The brain's diverse intrinsic timescales enable us to perceive stimuli with varying temporal persistency. This study aimed to uncover the cortical organizational schemes underlying these variations, revealing the neural architecture for processing a wide range of sensory experiences. We collected resting-state fMRI, task-fMRI, and diffusion-weighted imaging data from 47 individuals. Based on this data, we extracted six organizational schemes: (1) the structural Rich Club (RC) architecture, shown to synchronize the connectome; (2) the structural Diverse Club architecture, as an alternative to the RC based on the network's module structure; (3) the functional uni-to-multimodal gradient, reflected in a wide range of structural and functional features; and (4) the spatial posterior/lateral-to-anterior/medial gradient, established for hierarchical levels of cognitive control. Also, we explored the effects of (5) structural graph theoretical measures of centrality and (6) cytoarchitectural differences.
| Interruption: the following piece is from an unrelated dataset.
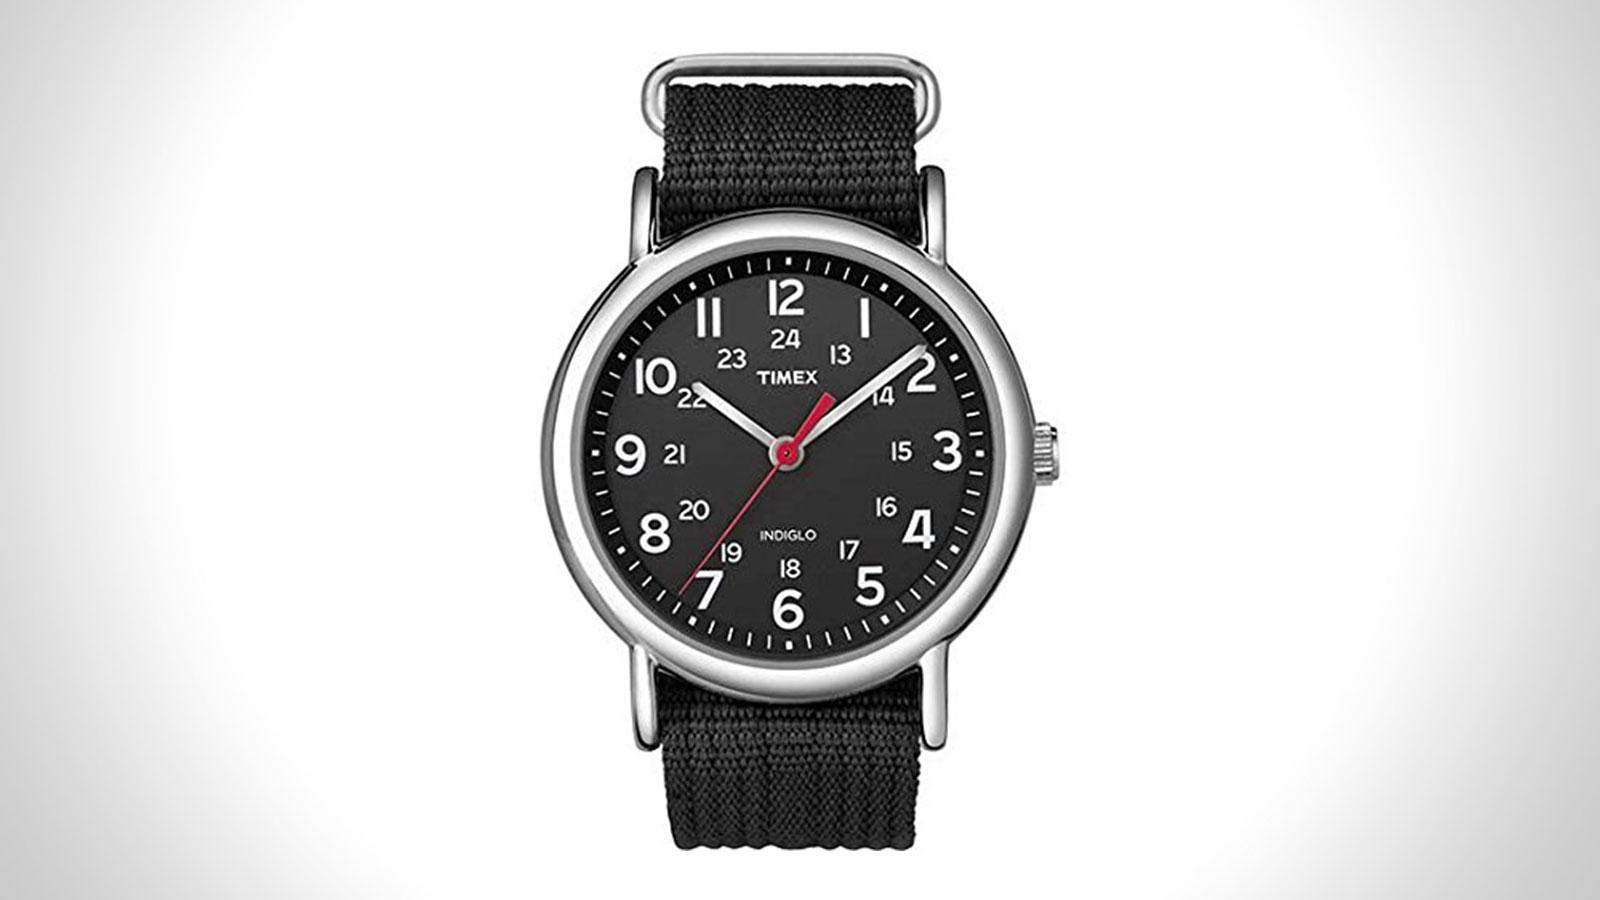 Timex Weekender Mens Field Watch | the best mens field watch
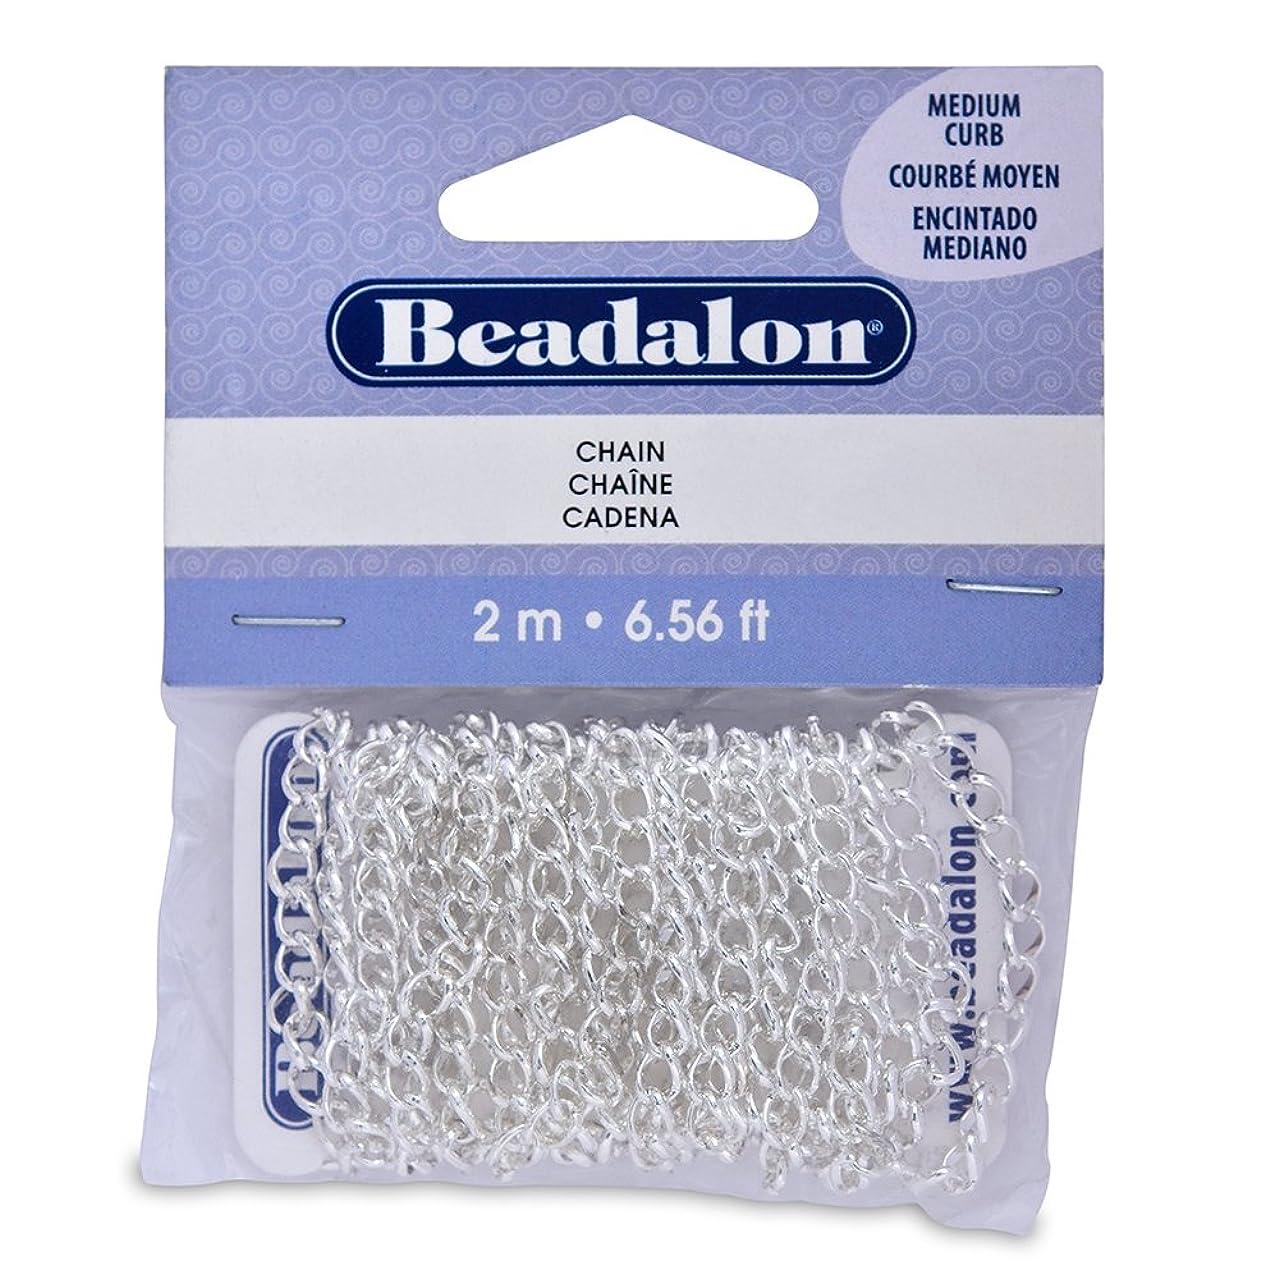 Artistic Wire Beadalon Chain 4.1-Inch Medium Curb Silver Plated, 2-Meters

Using Bayesian model comparison, we contrasted the impact of these organizational schemes on (1) intrinsic resting-state timescales and (2) inter-subject correlation (ISC) from a task involving hierarchically nested digit sequences. As expected, resting-state timescales were slower in structural network hubs, hierarchically higher areas defined by the functional and spatial gradients, and thicker cortical regions. ISC analysis demonstrated hints for the engagement of higher cortical areas with more temporally persistent stimuli. Finally, the model comparison identified the uni-to-multimodal gradient as the best organizational scheme for explaining the chronotopy in both task and rest. Future research should explore the microarchitectural features that shape this gradient, elucidating how our brain adapts and evolves across different modes of processing.

解码皮层时序--比较不同皮层组织方案的影响
大脑的内在时间尺度多种多样,这使我们能够感知具有不同时间持续性的刺激。本研究旨在揭示这些变化背后的大脑皮层组织方案,揭示处理各种感官体验的神经架构。我们收集了 47 人的静息态 fMRI、任务-fMRI 和扩散加权成像数据。基于这些数据,我们提取了六种组织方案:(1)结构性富俱乐部(RC)架构,该架构显示了连接组的同步性;(2)结构性多样化俱乐部架构,该架构是基于网络模块结构的 RC 架构的替代方案;(3)功能性单模态到多模态梯度,该梯度反映在广泛的结构和功能特征中;以及(4)空间性后部/外侧到前部/内侧梯度,该梯度建立在认知控制的分层水平上。此外,我们还探讨了(5)中心性结构图理论测量和(6)细胞结构差异的影响。利用贝叶斯模型比较法,我们对比了这些组织方案对(1)内在静息态时间尺度和(2)涉及分层嵌套数字序列任务的受试者间相关性(ISC)的影响。正如预期的那样,在结构网络中心、由功能和空间梯度定义的分层较高区域以及较厚的皮层区域,静息状态时标较慢。ISC 分析表明,更高的皮层区域会受到时间上更持久的刺激。最后,通过模型比较发现,单模态到多模态梯度是解释任务和休息时序的最佳组织方案。未来的研究应该探索形成这种梯度的微观结构特征,阐明我们的大脑是如何在不同的处理模式中适应和进化的。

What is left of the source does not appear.